WebCrawler project

Chonchonts · Jul 6, 2012

Hi,

Currently, I work on a webcrawler tool made in C#(a part of my big project of SEO tools), yes I prefer make my tool, it's funnier.

Properties:

- crawl on 1 or more web sites.
- save datas in SQLite database, for nice SQL requests.
- statistics and datas panel
- user can save urls, mails, images, forms, a specific markup or a custom harshvest with regex.
- analyze forms for automatic submit by user
- save metadata
- proxy switch
- timeout
- threads
- export datas in XML, CSV, plain text, HTML.

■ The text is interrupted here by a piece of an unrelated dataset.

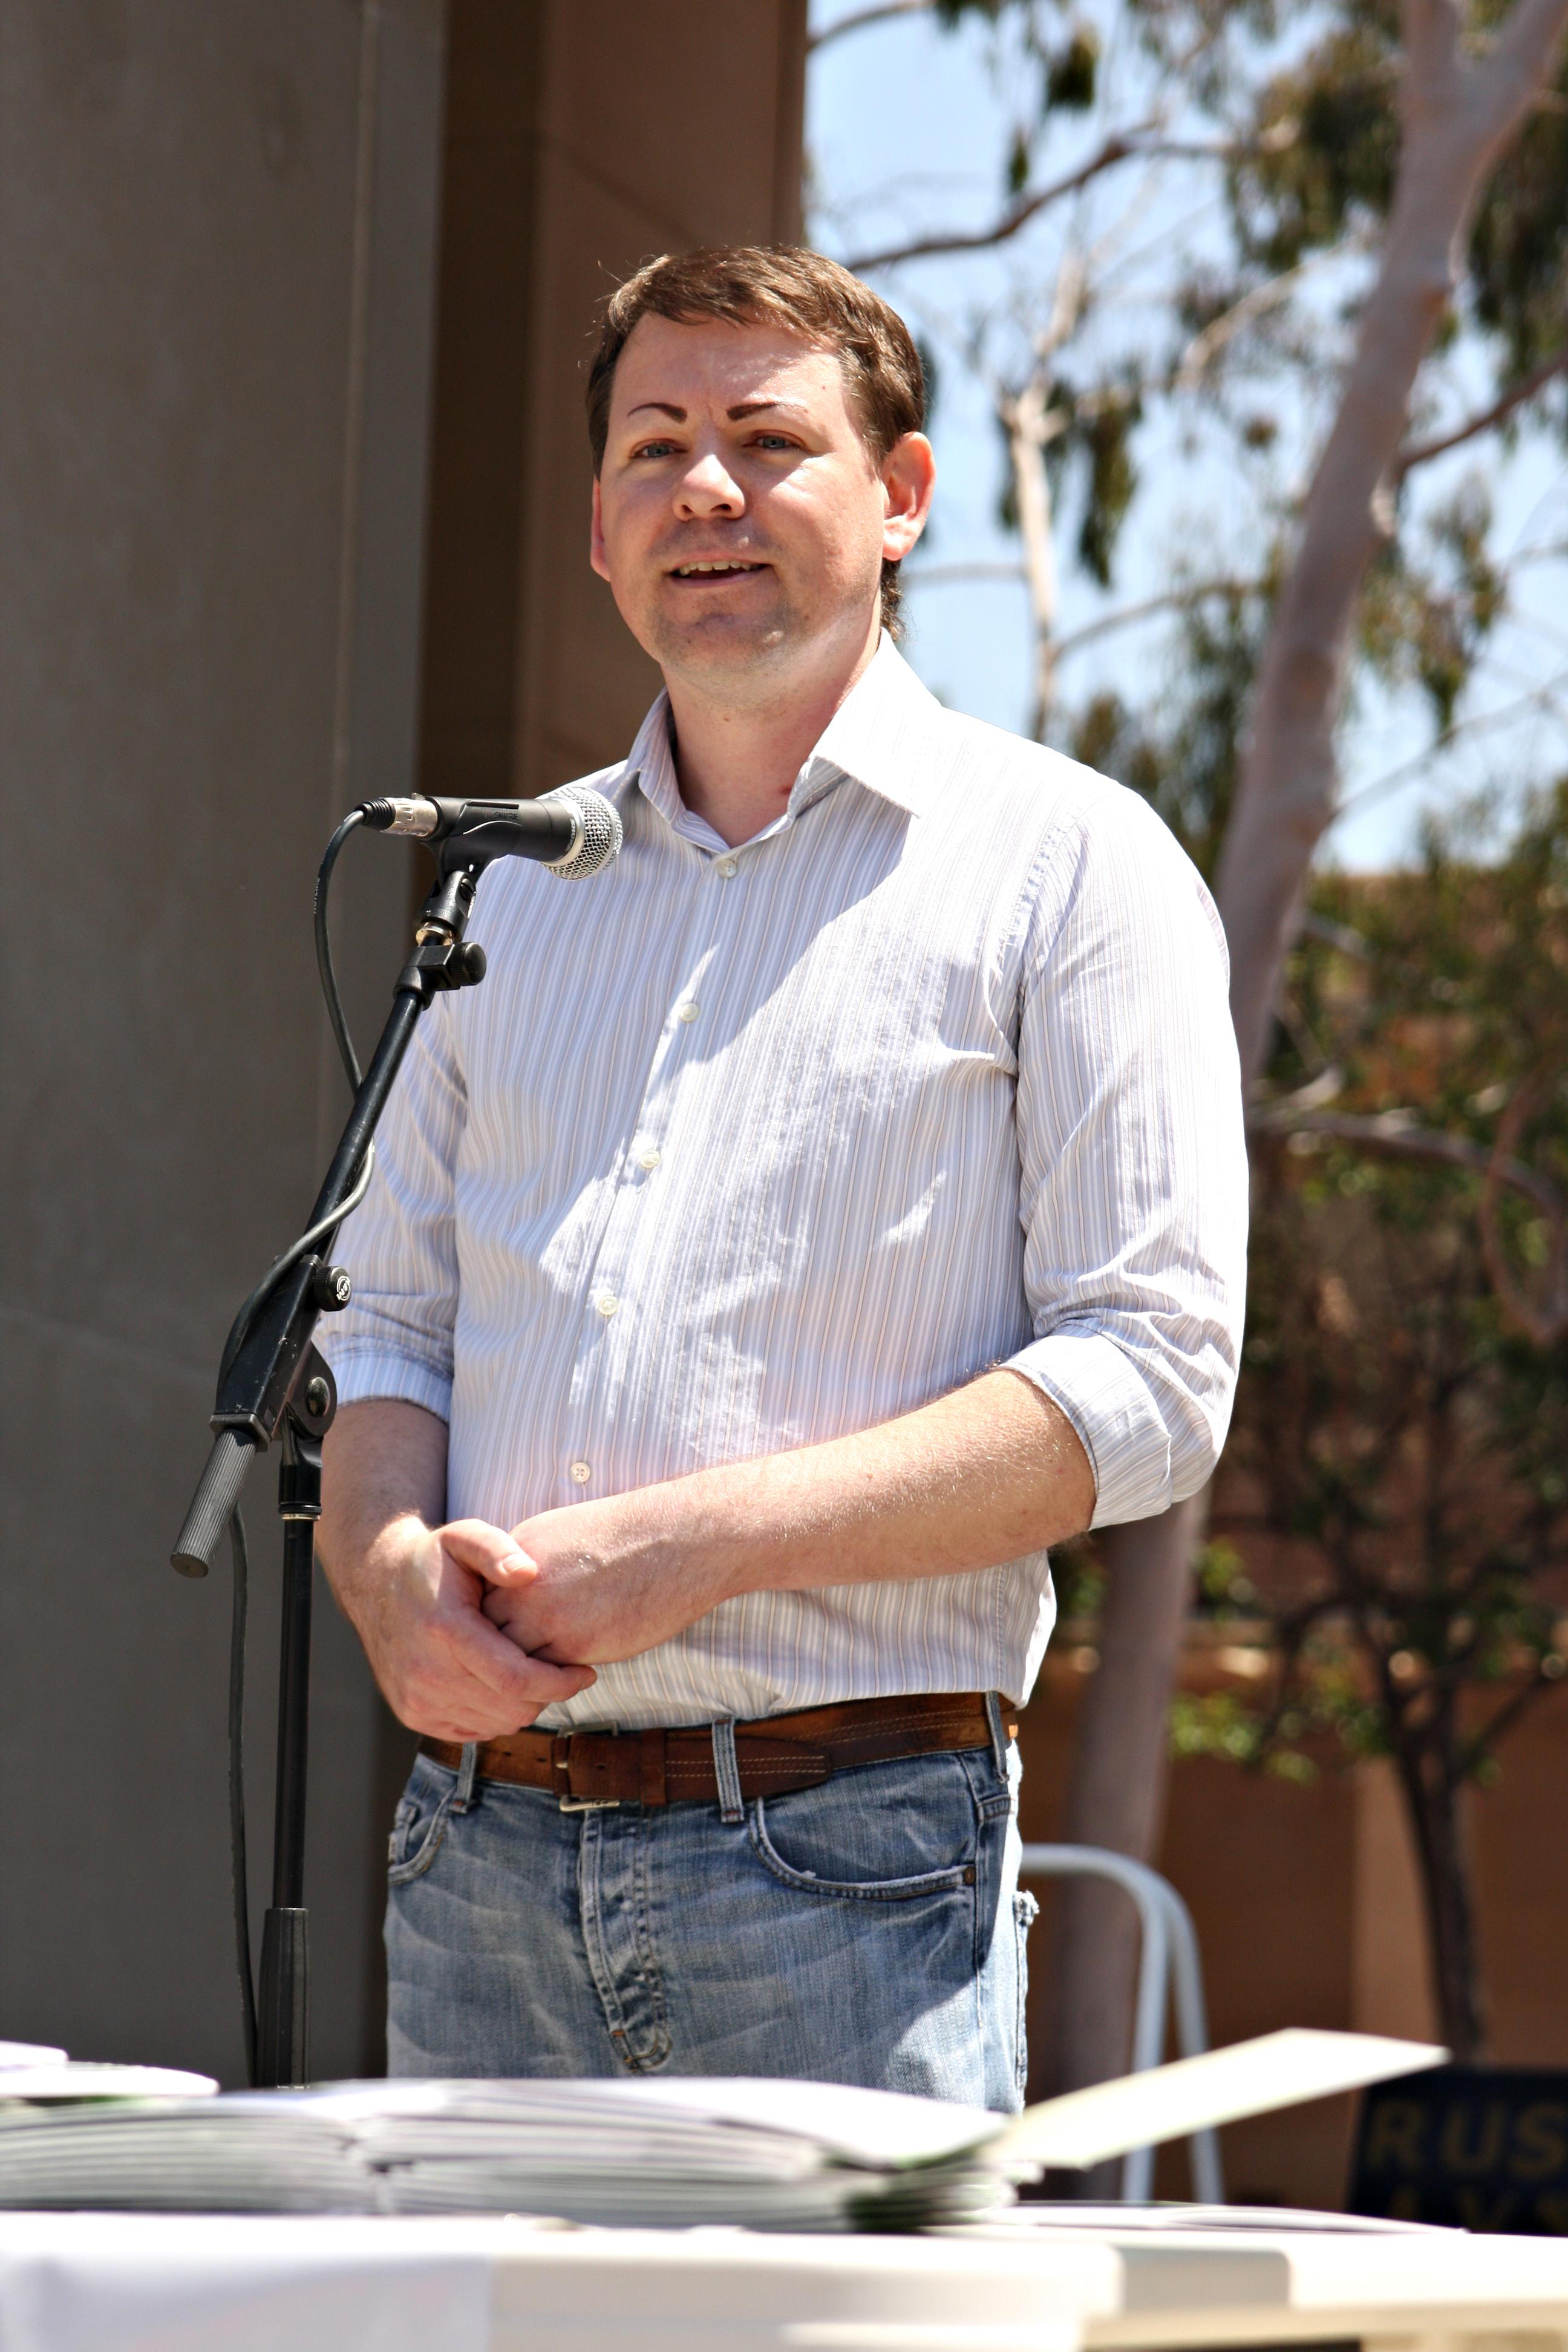 David Jentsch
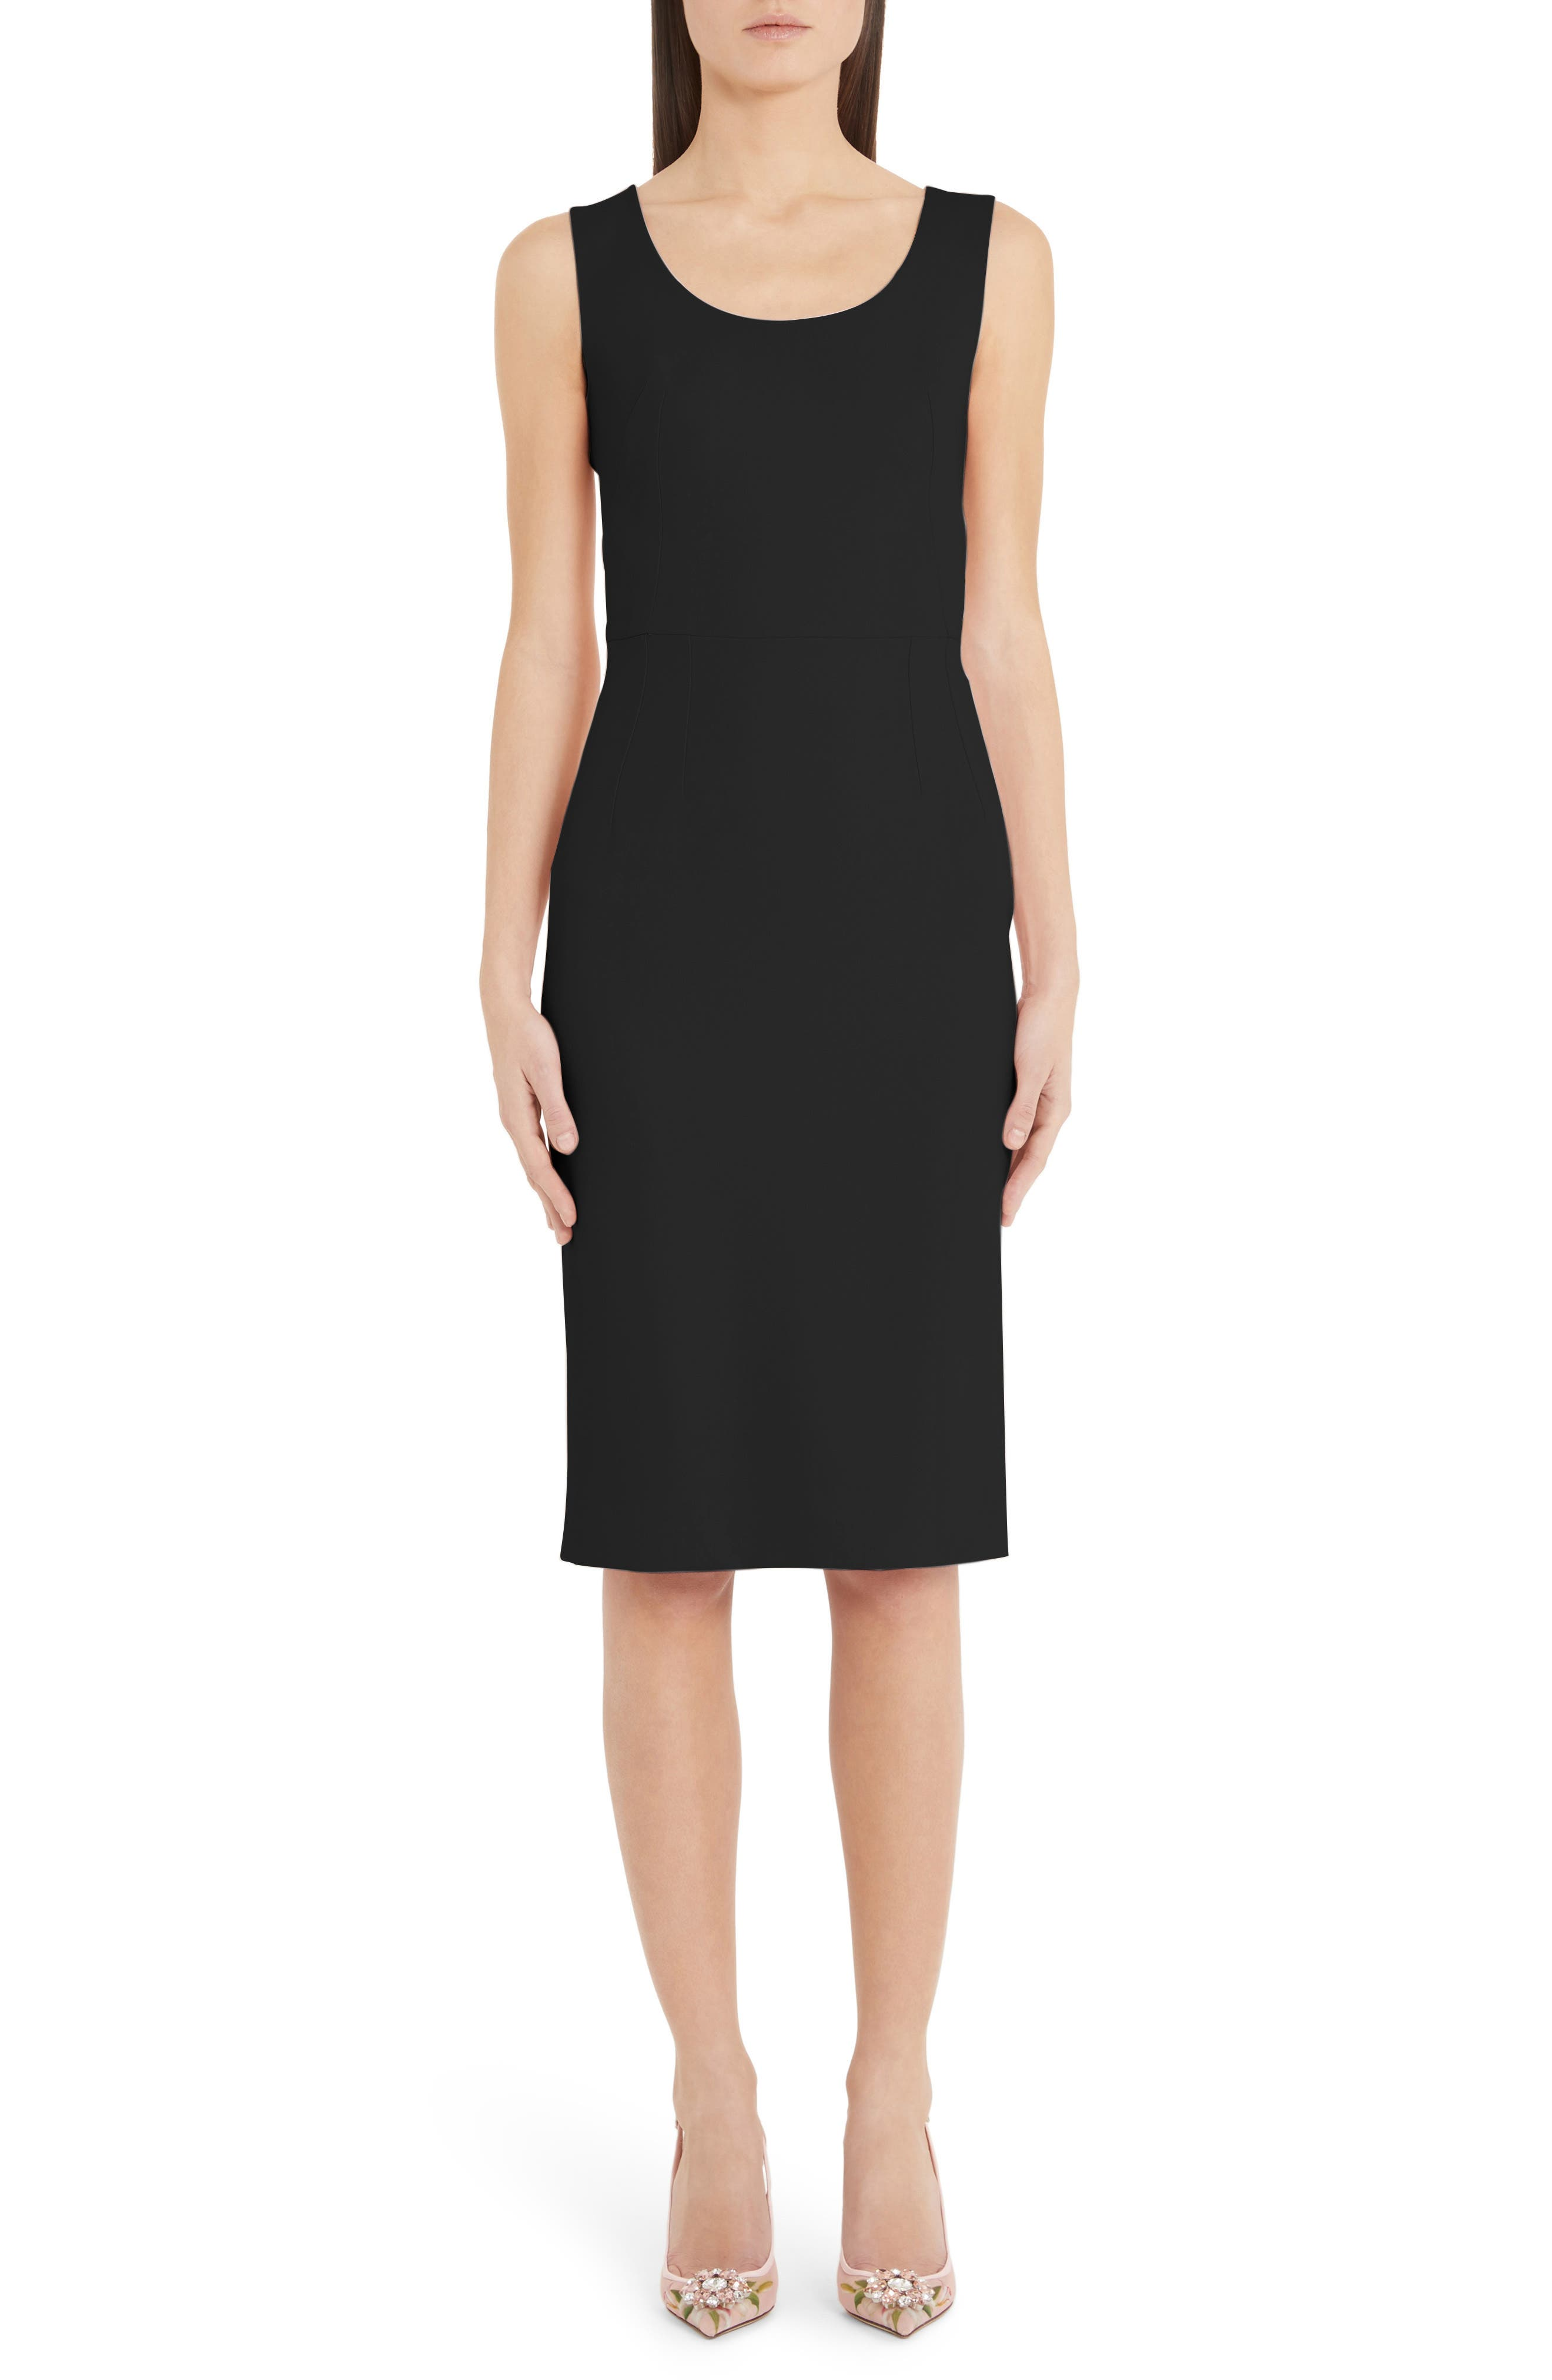 Dolce & gabbana Scoop Neck Sheath Dress, 8 IT - Black

Do you have any suggestions?
I want to improve it.
Web crawlers has been used always by black hat SEO guys now ?

Debugger · Jul 8, 2012

can you post basic code for webcrawler...That would be very helpful..

Chonchonts · Jul 9, 2012

Yes, I can write a little tutorial for make a basic WebCrawler and suggest useful tools and tips ^^ (and others tutorials why not, I will think about that).
But I will not post my complete webcrawler sorry

.

theMagicNumber · Jul 9, 2012

You can get some ideas from:
http://ncrawler.codeplex.com/
ncrawler is working OK, but there are some bugs in it, however the class structure seems well written.

Chonchonts · Jul 9, 2012

Nice !
Pipeline idea, extract text to pdf files and filters are good.
Also I will think to FTP crawler and multimedia document metadata extractor.

Chonchonts · Aug 24, 2015

Hi !
I reup this thread because I have stop my project from years, but I have restart it !
I have implemented all this one:
- Extract a very large kind of things in any webpage: links, images, sounds, emails, proxies, PDF, Words, Paragraph, Discogs links.
- Extract tweets.
- Use custom Regexes, XPath and CSS path to extract others datas.
- Download all this in one click.
- String machine: add/remove/replace chars in string, sort by length, by number of occurences, mapping the strings (http links to html tag ahref, generate youtube iframe,...), check if strings contains chars, remove html tags/stop words in text, trim to root the urls, use custom conditions to select strings, etc...
- Random machine: generate random things, like number, zip code, country, names, age, etc...
- In progress in String Machine: maps texts to spinned text (with WordNet).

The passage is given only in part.